Eye muscle evaluation (may be billed with CPT 67345)

95860

Muscle test, one limb (may be billed with 64640)

95861

Muscle test, two limbs (may be billed with 64640)

95869

Muscle test, thor paraspinal (may be billed with 31513, 31570, 35171, 64612, 64613, or 64640).

Botulinum Toxin A is supplied in vials, each vial contains 100 units.
Instead of the number of vials utilized (previous instructions), providers are to bill the number of units utilized. (12/08/1997)

For EMC billing, document the units injected in the units of service field, FAO.18. In each case, Botulinum Toxin A is coded as J0585.  

Due to the short life of the botulinum toxin, Medicare will reimburse the unused portion of this drug, only when the vial is not split between patients. Proper documentation must exist in the patient’s chart as to the true number of units administered and the number of units discarded. If only one patient receives 30 units out of a vial and the remaining 70 units are discarded, then the provider bills 100 units for that individual patient.  

Scheduling of more than one patient is encouraged to prevent wastage of Botulinum Toxin Type A. If three patients are scheduled and each receive 30 units out of one vial, the 10 units wasted are billed to the last patient. (12/08/1997) 

DOCUMENTATION REQUIREMENTS: 

  • Support for the medical necessity of the Botulinum Toxin Type A injection,
  • A covered diagnosis.
  • A statement that traditional methods of treatments have been tried and proven unsuccessful.
  • Dosage and frequency of the injections
  • Support for the medical necessity of electromyography procedures
  • Support of the clinical effectiveness of the injections
  • Specify the site(s) injected

OTHER COMMENTS: 

NOTE: The CMD Drug Evaluation Clinical Workgroup was asked to consider expanding coverage of Botulinum Toxin Type A to incorporate the treatment of achalasia or cardiospasm. 

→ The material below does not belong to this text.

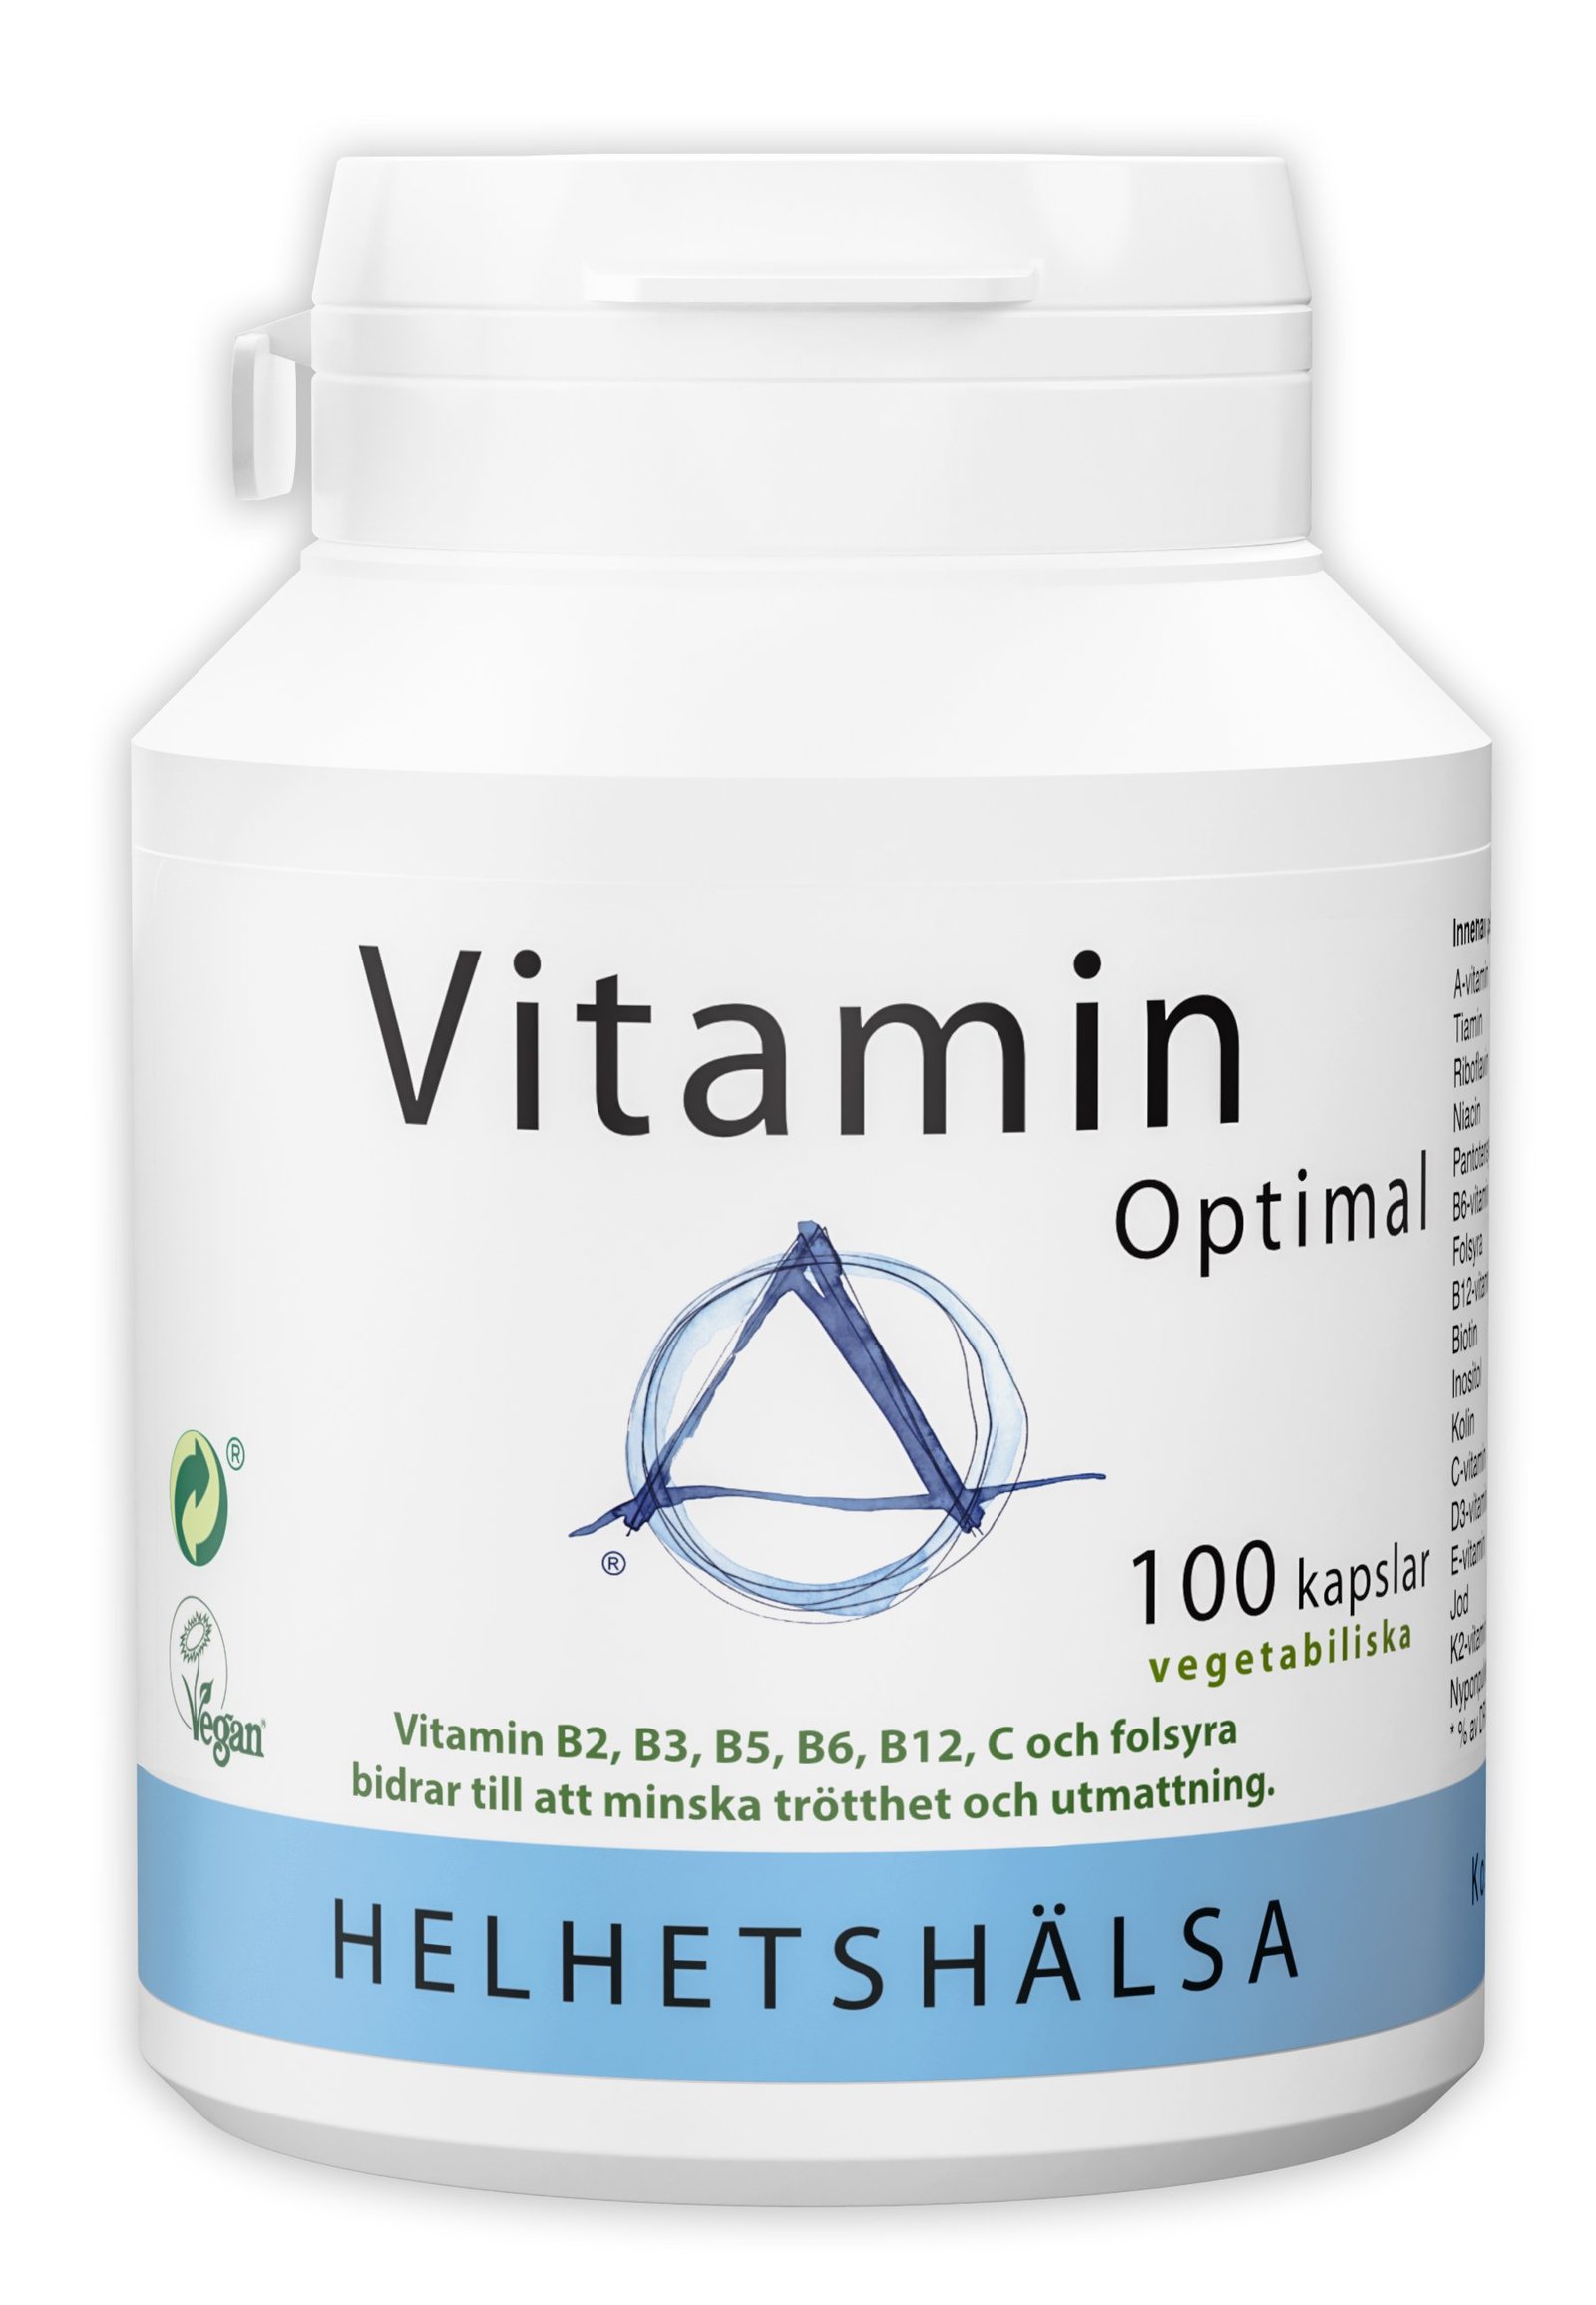 Helhetshälsa VitaminOptimal 100 kapslar

It is the recommendation of the CMD Drug Evaluation Clinical Workgroup that Botox should not be allowed for the initial treatment of achalasia. After consideration, the workgroup felt that treatment should be considered on a case by case basis for those individuals that have failed conventional therapy or who have had or have the potential for a serious complication (see #5 under INDICATIONS.